1.8.22
THE ENDOPOLYGALACTURONASE GENE FAMILY OF BOTRYTIS CINEREA: ADAPTATION TO ENVIRONMENTAL CONDITIONS

JP WUBBEN1, W MULDER1, A TEN HAVE2, JAL VAN KAN2 and J VISSER1

1Section of Molecular Genetics of Industrial Micro-organisms, Wageningen Agricultural University, Dreijenlaan 2, 6703 HA Wageningen, The Netherlands; 2Section of Phytopathology, Wageningen Agricultural University, Binnenhaven 9, 6709 PD Wageningen, The Netherlands

Background and objectives
The grey mould fungus Botrytis cinerea can infect over 200 different plant species, among which are many economically important crops. B. cinerea is an opportunistic pathogen that can invade damaged or senescent tissue. During infection the fungus secretes a number of cell wall-degrading enzymes including pectinases. Several reports have indicated that these pectinolytic enzymes can play an important role in the infection process by degrading the plant cell wall. We have initiated a molecular genetic approach to study the pectinolytic enzymes of B. cinerea in more detail.

Results and conclusions
We have isolated and characterized six different endopolygalacturonase (endoPG)-encoding genes from B. cinerea.

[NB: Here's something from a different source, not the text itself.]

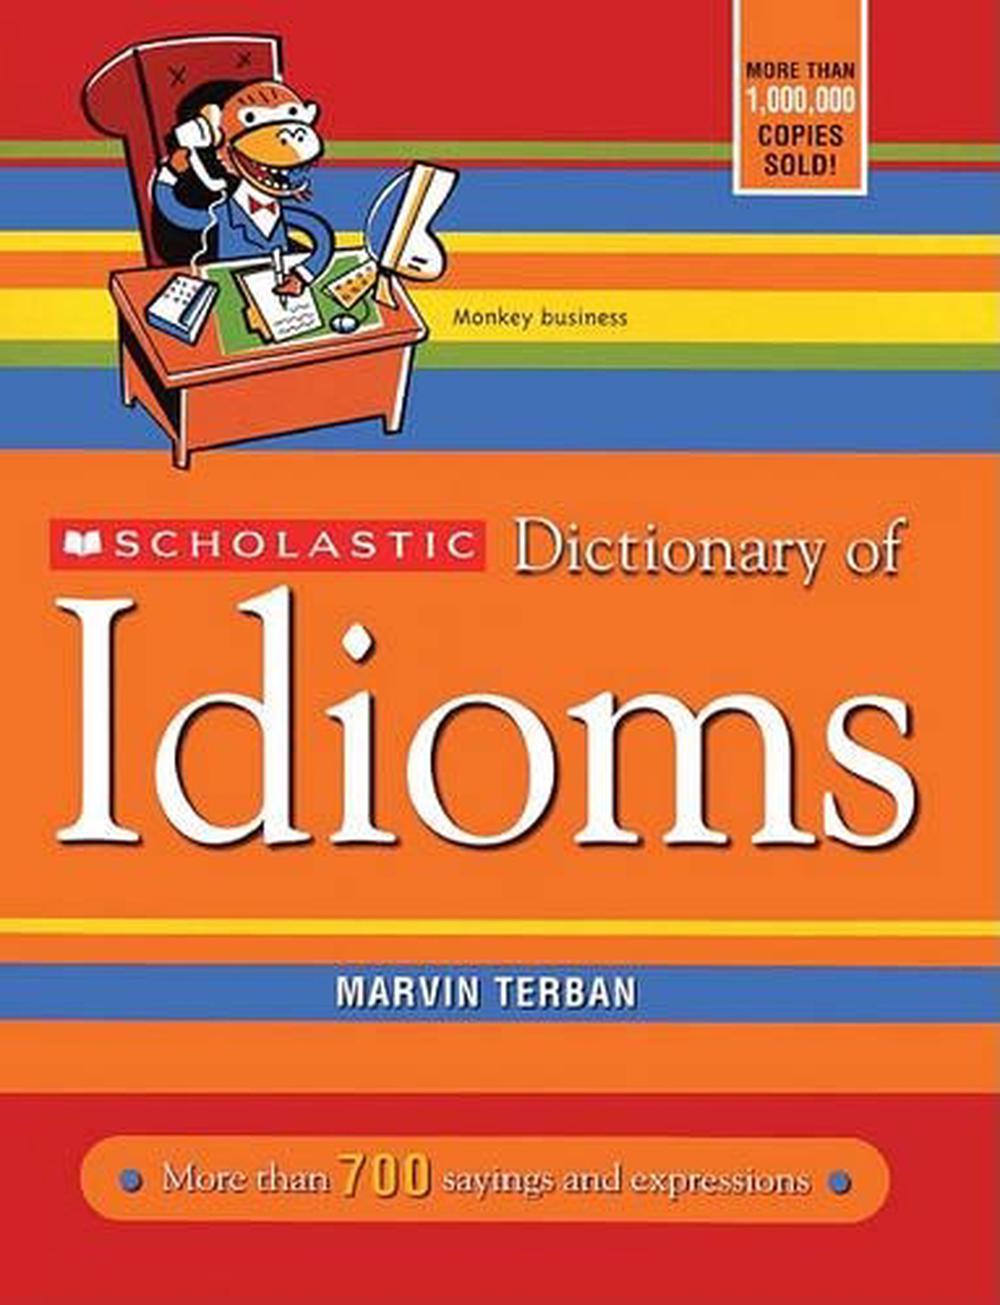 booked it idioms

The deduced amino acid sequences display different degrees of identity towards fungal endoPGs, including those produced by other plant pathogenic fungi. In order to study the physiological relevance of the presence of such a large number of endoPG genes in B. cinerea, we have analysed the expression patterns of each of the endoPG genes in liquid cultures under varying conditions. Induction of expression of some of the endoPG genes was observed using pectin-derived carbon sources such as polygalacturonic acid and galacturonic acid. Furthermore, pH of the culture medium influenced the expression levels/patterns of the endoPG genes. These data will be discussed in relation to the physiological relevance of the isozymes during infection. Analyses of the endoPG genes in planta will be described on the poster presented by ten Have et al.

This research is supported by the Dutch Technology Foundation (STW) project WBI 33.3046.